Fortunately, Stracey seems at peace with the subject. He was there that night, in fact, and the only amplification he offered to my account was his impression that it was “a very small segment” of the crowd that instigated the disgraceful behavior. I’m willing to concede that possibility, but since many of the others had nearly full cases of beer on hand and not much else to do with it, they pretty quickly, and enthusiastically, joined in on the target practice.
As with just about any audience I’ve addressed over the past year, there was the predictable debate over the Leonard-Hagler decision. I’ve said time and again that you could walk into any barroom in America 22 years later and find the clientele split 50- 50 on the issue, and this audience was no exception. Considering the high passions that run on both sides, the discussion was conducted with an absence of rancor.

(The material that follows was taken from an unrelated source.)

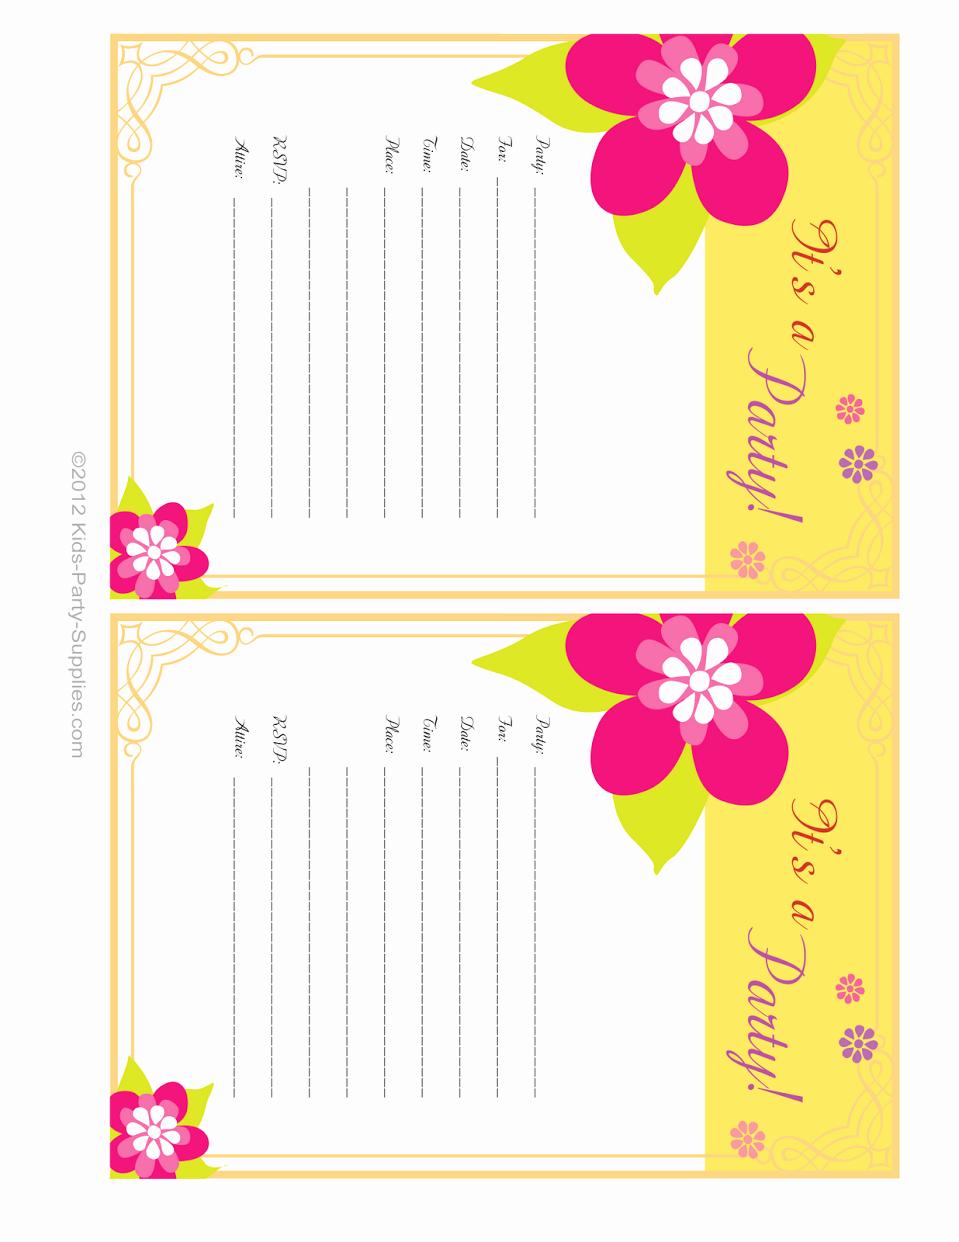 Hawaiian Party Invitation Template Free Luxury Hawaiian Party Invitations Free Printable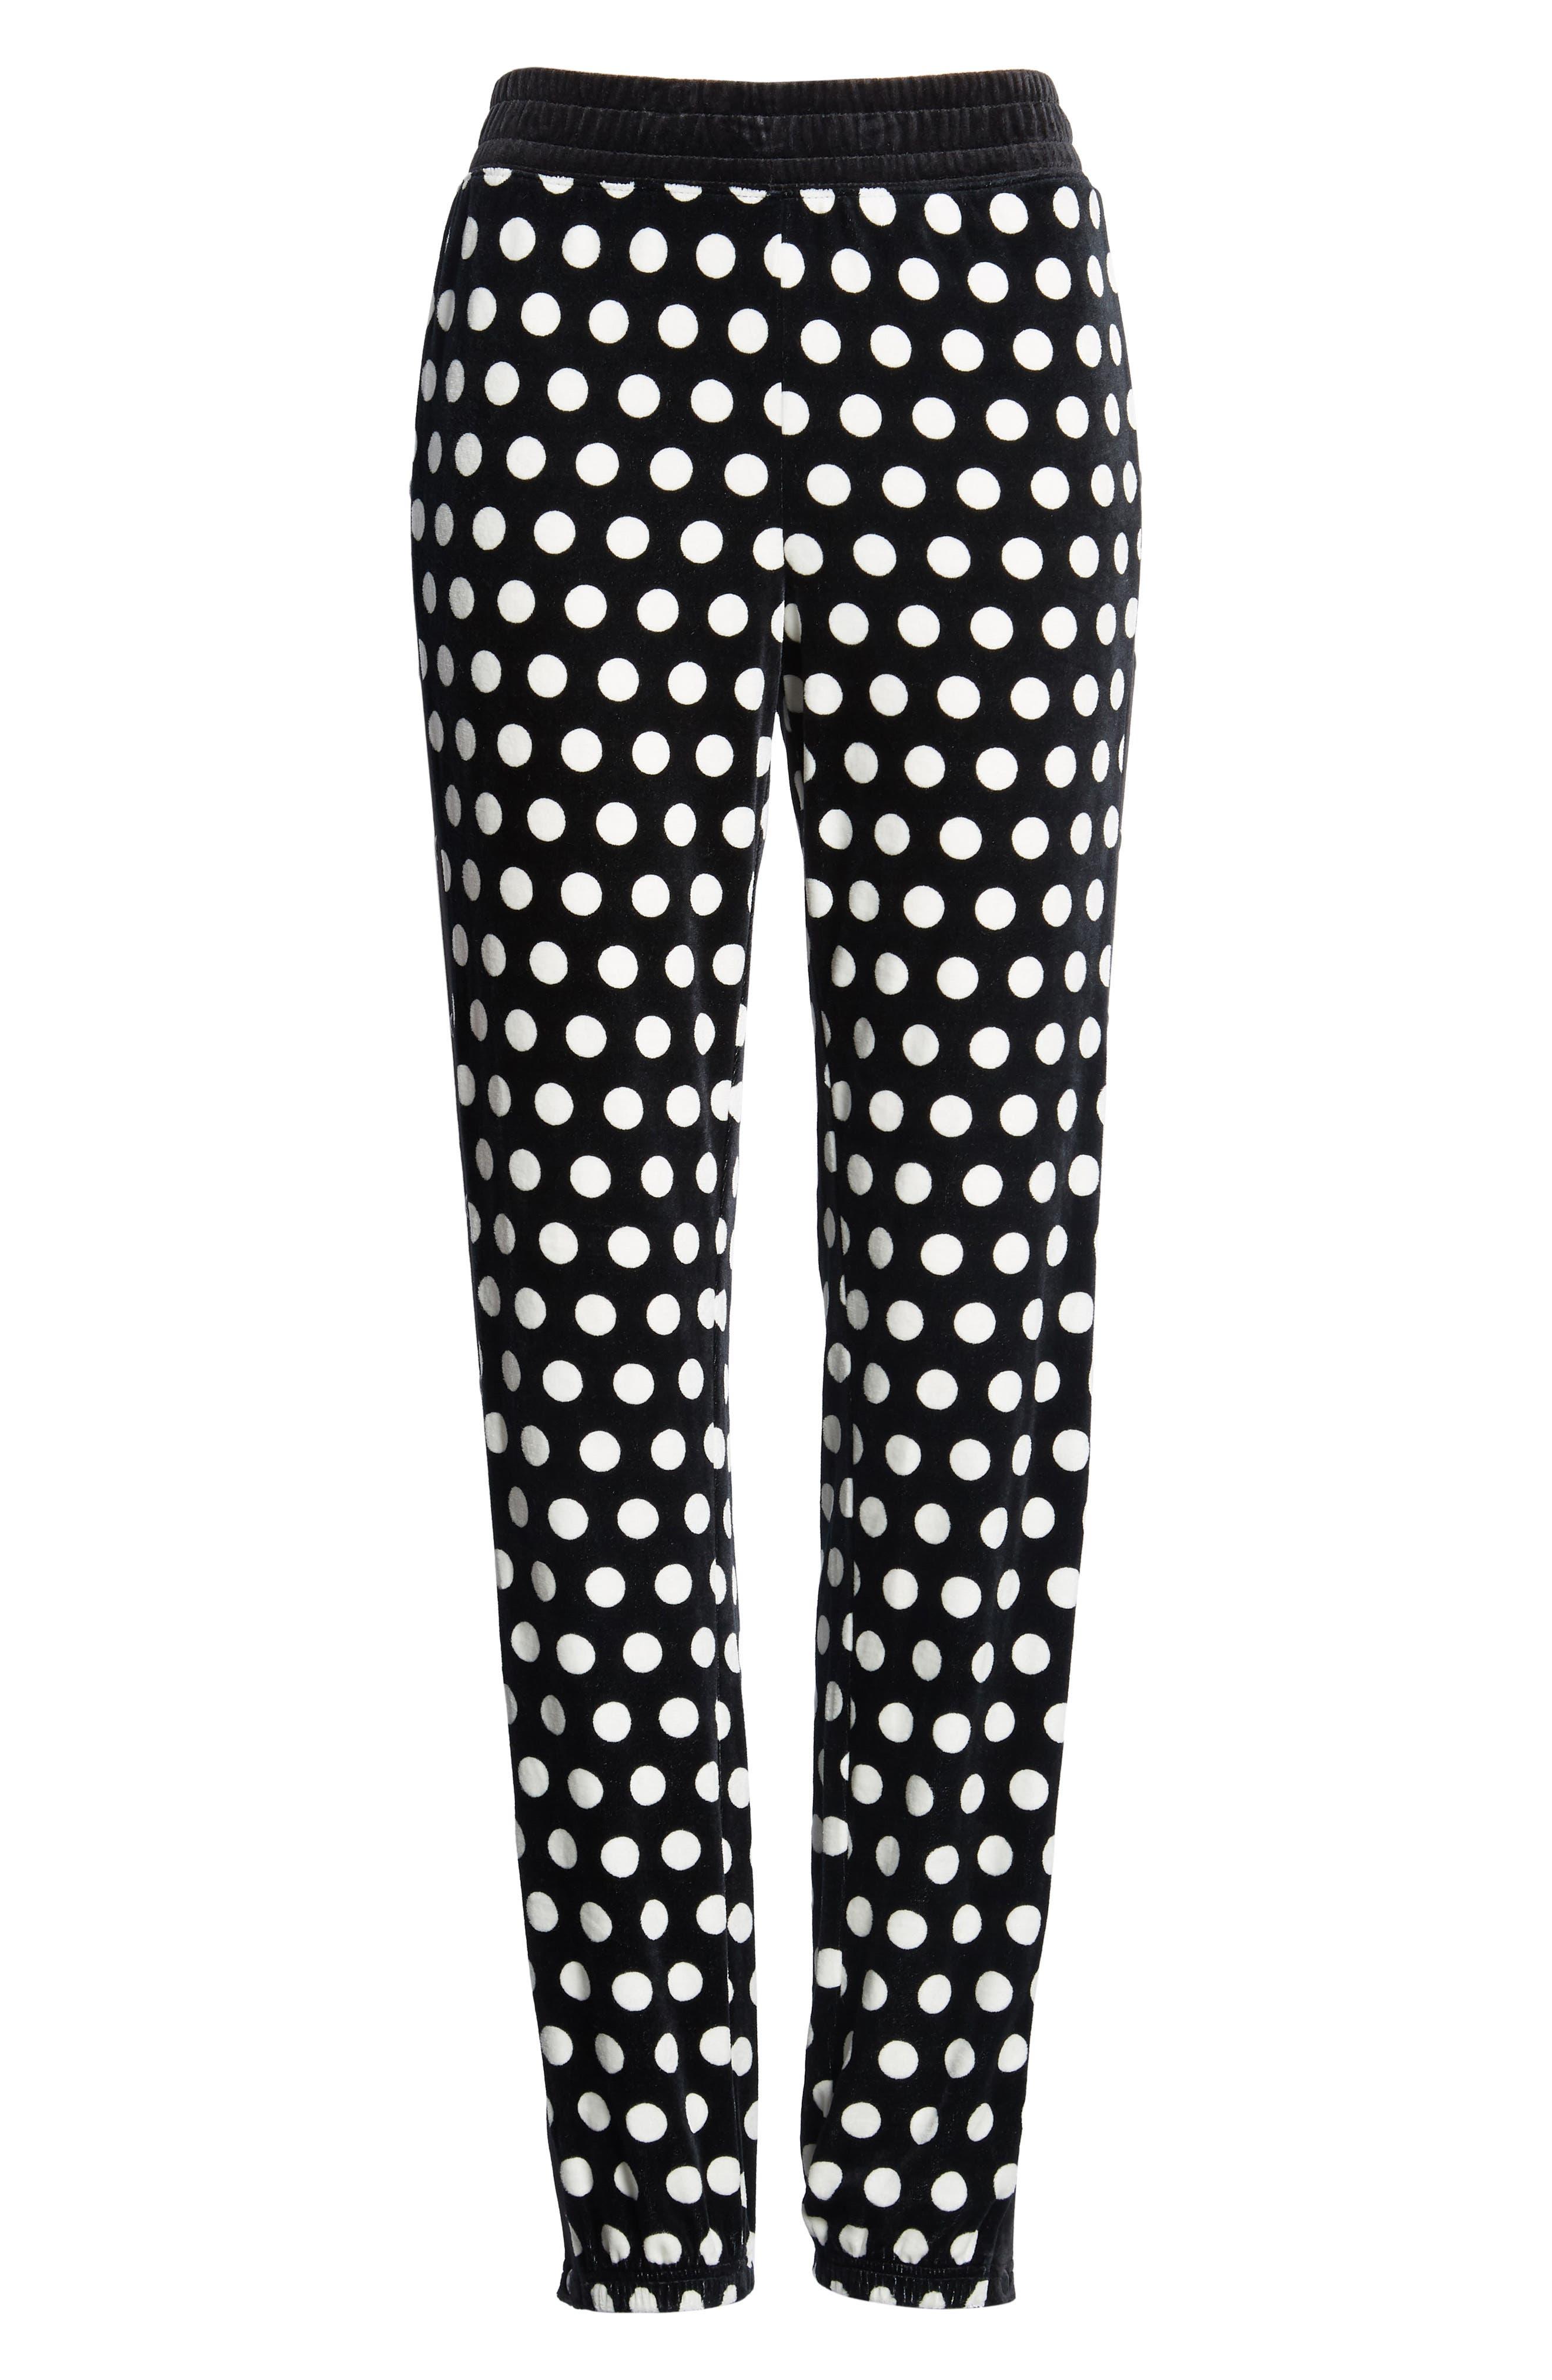 Polka Dot Velour Track Pants,                             Alternate thumbnail 7, color,                             Pitch Black St. Germain Dot

At the conclusion of the lecture, I was immediately surrounded by several members of the audience who wanted to keep the conversation going. One of the IBHOF volunteers eventually led me away to one of the tents, where I signed books and chatted with the fans for another half hour.
One guy even handed me a sharpie and a first-day commemorative Sugar Ray Robinson envelope he’d just purchased at the Hall of Fame.
“Let me get this straight,” I asked him. “You have this nice Sugar Ray Robinson cover and you want to f— it up by having me write on it?”
*Yes,” he replied, so I did.
Alex Skutt’s wife Carol had arrived to lead me over from the Museum to the gym at Canastota High School, where Alex had a table at the memorabilia show. Once we got there, Alex, his son Ethan, and I left Carol to man the table and headed downtown for a quick bite to eat at the Three Pines Inn. In the parking lot we ran into Jack Obermeyer and Jeff Jowett. Those world travelers make an annual Induction Weekend trek, and have it pretty well down pat. “We’re heading over to the golf course now,” they explained. “Most of the boxers will just be finishing up.”
# # #
We’d just returned from the Three Pines when Carol rang Alex on his cell phone to tell him Stanley Christodoulou was waiting for us at the McBooks table. The Hall of Fame referee, an old friend of nearly 30 years’ standing, had made his annual pilgrimage to Canastota with his son Harry.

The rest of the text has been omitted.